Given that, by design, each individual responded to only about one-third of the NAAL items, we employed the standard imputation and analysis methods that correspond to such a design.32 For each individual, five estimated health literacy scores were generated based on their responses to the NAAL items; these estimates capture uncertainty based on different individuals being asked different items. The five estimates are integrated into a single set of means, regression coefficients, and p-values using a standard process of averaging the results of five parallel regression models. All analyses included probability weights and accounted for clustering. Analyses were conducted using SAS 9.1.

RESULTS

Table 1 presents the weighted percentages of sample characteristics as well as the mean health literacy score (averaging the five parallel values) and percent scoring ‘above basic’. Forty-eight percent of the study population was male, 71% was White, 11% Black, and 12% Hispanic. One-seventh (14%) had less than a high school diploma and 27% reported an income below 200% of the federal poverty limit. The majority resided in a MSA, had never been married, were born in the U.S., and spoke English at home. Only 6% had lived in the U.S. less than 10 years. As expected, older individuals, minorities, those with less education, lower incomes, those who were divorced, widowed or separated, and those who had been living in the U.S. for fewer years had lower mean health literacy.

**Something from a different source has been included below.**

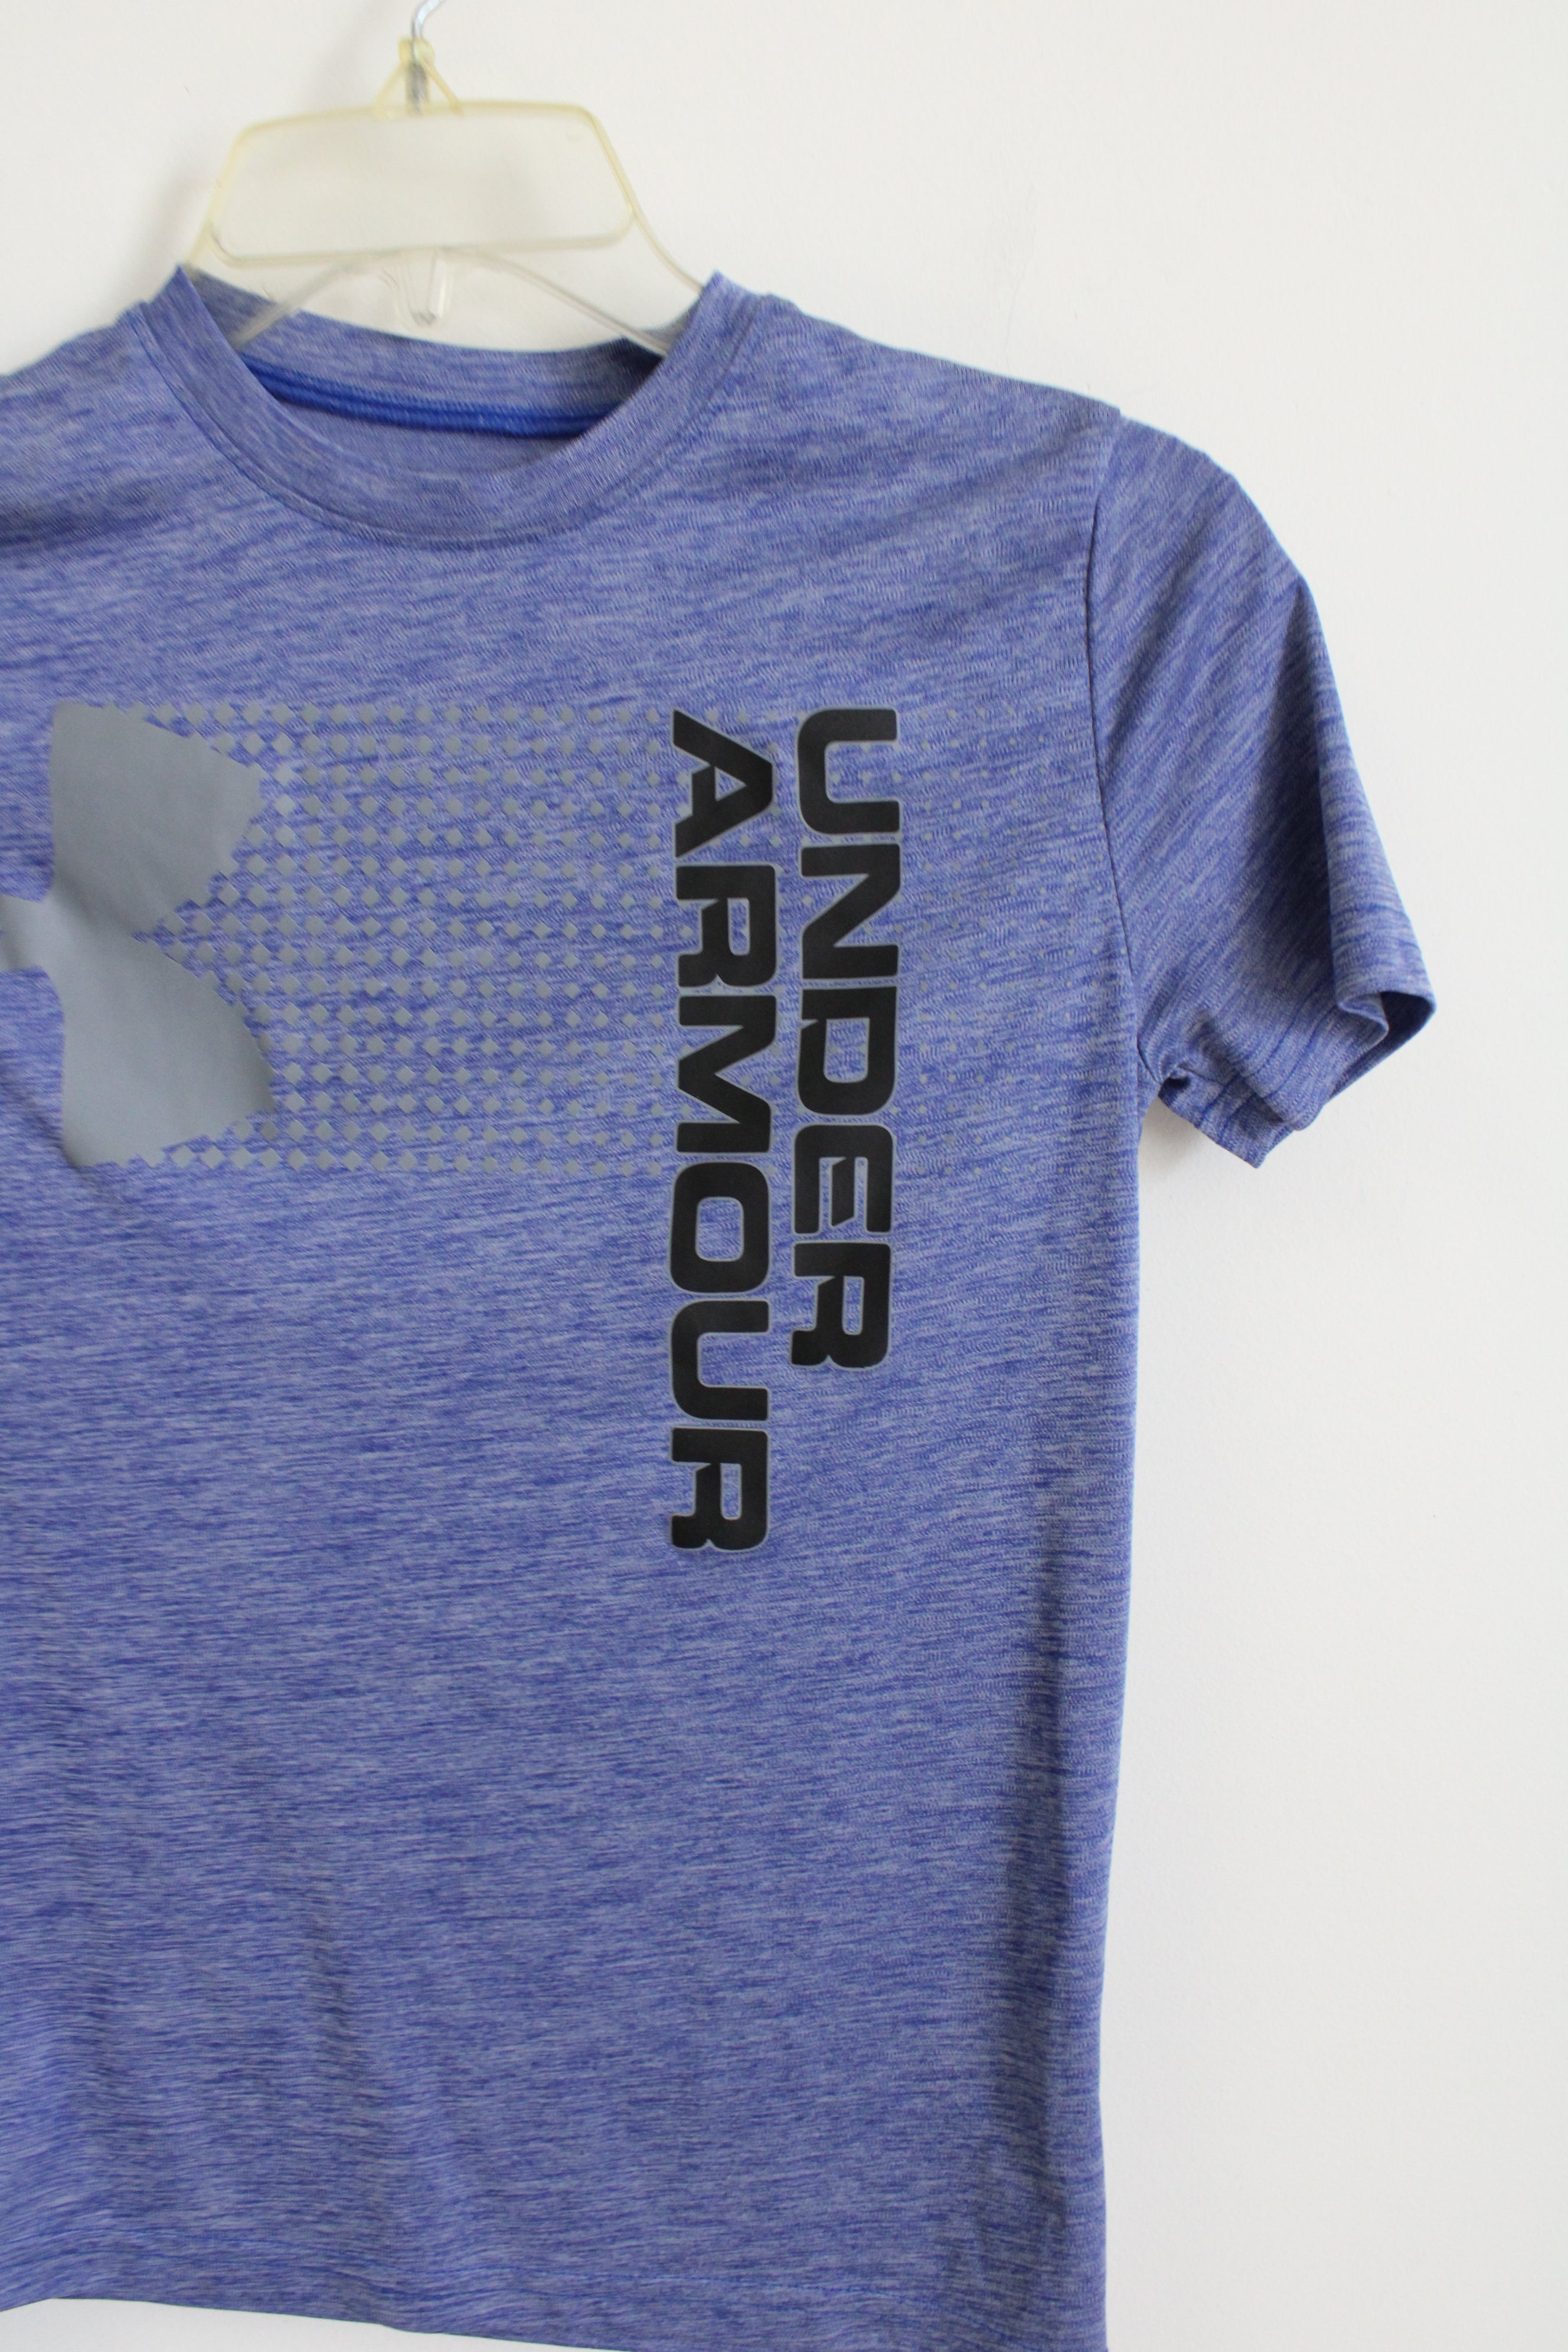 Under Armour Blue Logo Shirt | Youth M (10/12)

Predictive Models of Health Literacy

Table 2 presents the results of the multivariate models predicting health literacy as a continuous and dichotomous (‘above basic’) outcome. All variables, with the exception of living in an MSA and language spoken in home made significant independent contributions to the models. Linear regression results are presented as unstandardized regression coefficients; probit results are presented as marginal effects, which can be interpreted as the change in probability of having ‘above basic’ health literacy with a one unit change in the predictor. The adjusted R2 for the linear regression model and the probit model33 indicate that these demographic predictors accounted for 30% and 21% of the variance in health literacy scores respectively. Educational attainment was strongly positively associated with health literacy, with the 40.7 point mean difference between the lowest and highest categories among those 25 and older corresponding to 0.74 standard deviations, a “large” effect.34 Blacks and Hispanics had health literacy scores that averaged 0.6 standard deviations lower than non-Hispanic whites; mean health literacy for those aged 75 and older was 0.7 standard deviations lower than those aged 18–24. To a lesser extent, health literacy was lower for those with lower incomes and recent immigrants.

Table 2
Linear (column 2) and Probit (column 3) Multivariate Models Predicting Health Literacy (N = 17,466)

Comparison of Multivariate to Bivariate Models

The linear and probit multivariate models explained approximately twice the variance as a model using educational attainment alone (30% vs. 15.5% for linear model, 21% vs. 10% for the probit; results not shown). Similarly, a model using only income as a predictor explained only 11% of the variance for the linear model and 8% for the probit. Applying Cohen’s criteria for multivariate shared variance, the effect sizes for the individual variables can be classified as small to medium, while the effect size for the multivariable model can be classified as medium (for probit) to large (for linear model).35

DISCUSSION

Using a nationally representative sample, we developed two predictive models of health literacy: one estimating mean health literacy, and one estimating the probability of having health literacy skills in the ‘above basic’ (intermediate or proficient) range. Lower educational attainment, racial/ethnic minority status, older age, lower income, and recent immigration to the U.S. were associated with lower estimated health literacy. Individuals who were not married also had a lower health literacy, on average, although the association was much weaker (p < 0.05).

While the results of these models are consistent with previous work in this area, several findings merit further comment. First, despite controlling for a host of related characteristics, race and ethnicity were strongly associated with health literacy. The strength of this association was somewhat surprising, although it may be explained in part by unmeasured factors such as quality of education, which are correlated with both race/ethnicity and health literacy. Schools serving a high proportion of minority students, for example, are less likely to offer advanced placement courses and to have effective teachers in terms of years of experience and number of teachers with certifications in their primary teaching field.36 Given that racial/ethnic minorities tend to cluster in both inner-cities and rural areas where the quality of education may be lower, this may help to explain the observed racial/ethnic differences in health literacy.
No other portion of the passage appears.